燃費に関しては,JC08モードで18.2km/h→22.0km/hに伸び,燃料タンクの容量も50L→44Lになっているので良くなっているはずなのですが,実家の人間曰く「悪くなった気がする」との事です.なんとなく,GPFのせいなんじゃないかなぁ~?と疑いたくなったのですが,カタログ値の向上はATの変更(6速→8速化)で実現しているのでしょうし,その恩恵に与れるように上手く走らせないとダメなんでしょうね.ドライブフィール的には,エンジンは特段変わった感じがなく,低回転域のトルクは大きいが,上は回らず・伸びずで,ATが細かくシフトアップして車速を伸ばしているように感じました.ドライバーに気づかれないレベルのシフトショックに抑えている点は素晴らしいと思いますが,ヒルクライムで2速固定で引っ張ってみると,上が伸びないのは明らかでしたね・・・(100PSなんで,こんなもんと言えばこんなもんですが).

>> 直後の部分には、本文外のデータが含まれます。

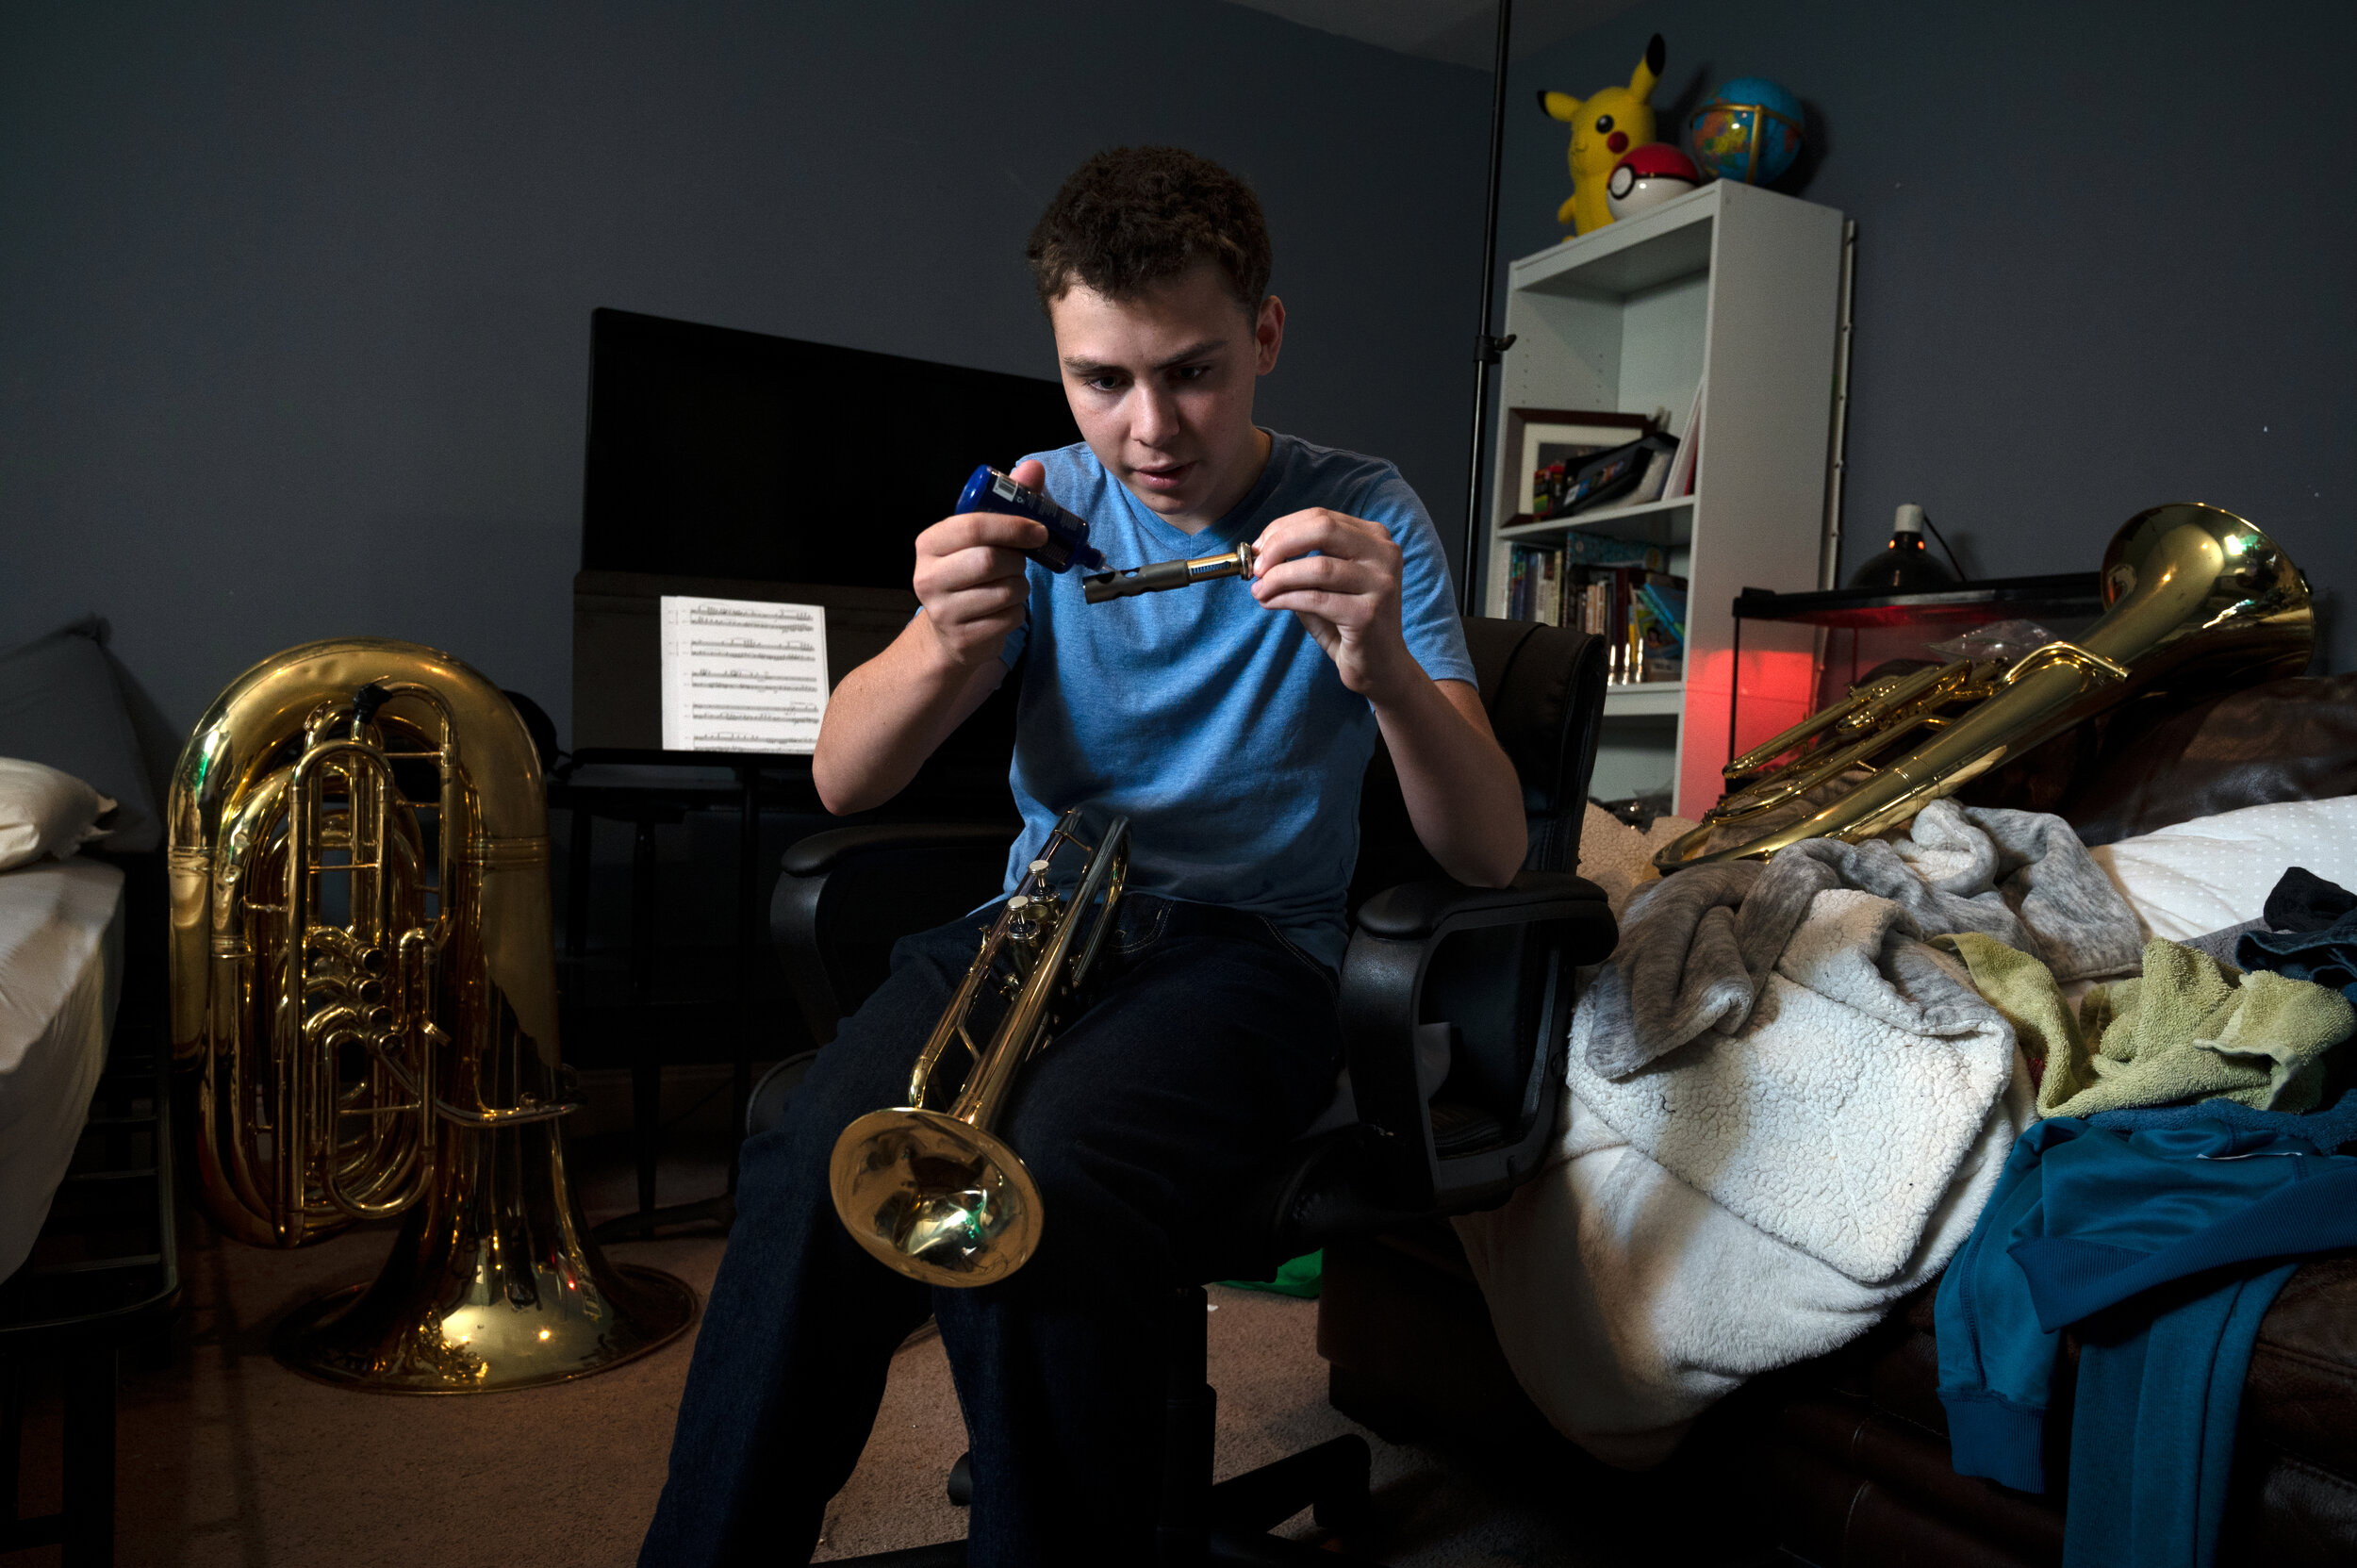  Wesley has loved playing brass instruments since he first began four years ago. Pursuing his musical inclinations has been a driving force for him to attend public school for a full school year because he plans on making a career in the music indust

なお,ボディサイズの変化はこんな感じ(↓)だそうで,
【先代】
【現行】
全長は82mm伸び,その大半が前後のオーバーハング部分の延長なので,車庫入れ等ではちょっと面倒になりました.一方,横幅の方は6mm増えてはいるものの,ミラーtoミラーで測ると44mm短くなっているのですれ違い等では楽になっているみたいです.

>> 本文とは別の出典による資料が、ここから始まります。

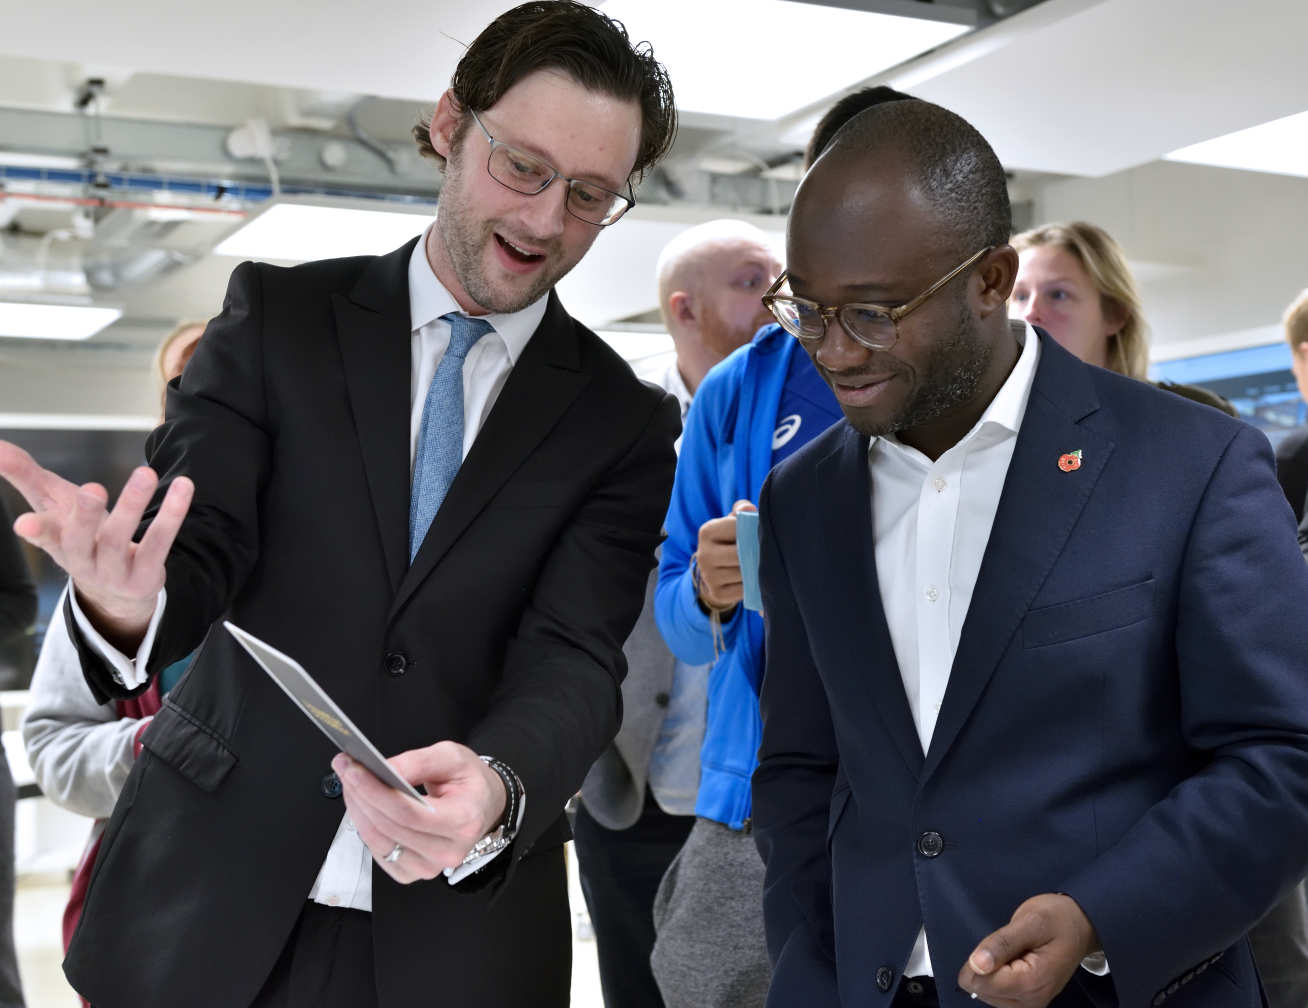 (Leo Evans and former Universities and Science Minister Sam Gyimah MP

個人的には,この3本爪で引っ掻いたかのようなライトのデザイン(↓)は好きですし,
プジョー自身が「セイバー(サーベル)」と呼ぶ,このデザインも嫌いじゃありません.ただ,私は「セイバー」とか「サーベル」とか言われると,「ライオン」ではなく,「タイガー」の方が思い浮かぶんですけどね(苦笑).
以上,208試乗記でした.
最新のPACE(Personalized:パーソナライズ化,Autonomous:自動化,Connected:コネクテッド化,Electric:電動化)対応車はやっぱり違いますね.未来のクルマに乗ってる感は強いですし,実際色々と便利なのですが,「Sportモードにしたら電子音がした」みたいな官能的な部分は退化しているので,スポーツ走行好きとしては寂しいところです.実際,このモデルからMTが消滅しましたし,EVはEVの楽しさがあるとは言え,音・振動・臭いみたいな快適性と真逆の,感性に訴えかける部分は,これからどんどんなくなっていくんだろうなーと実感させられる試乗でした.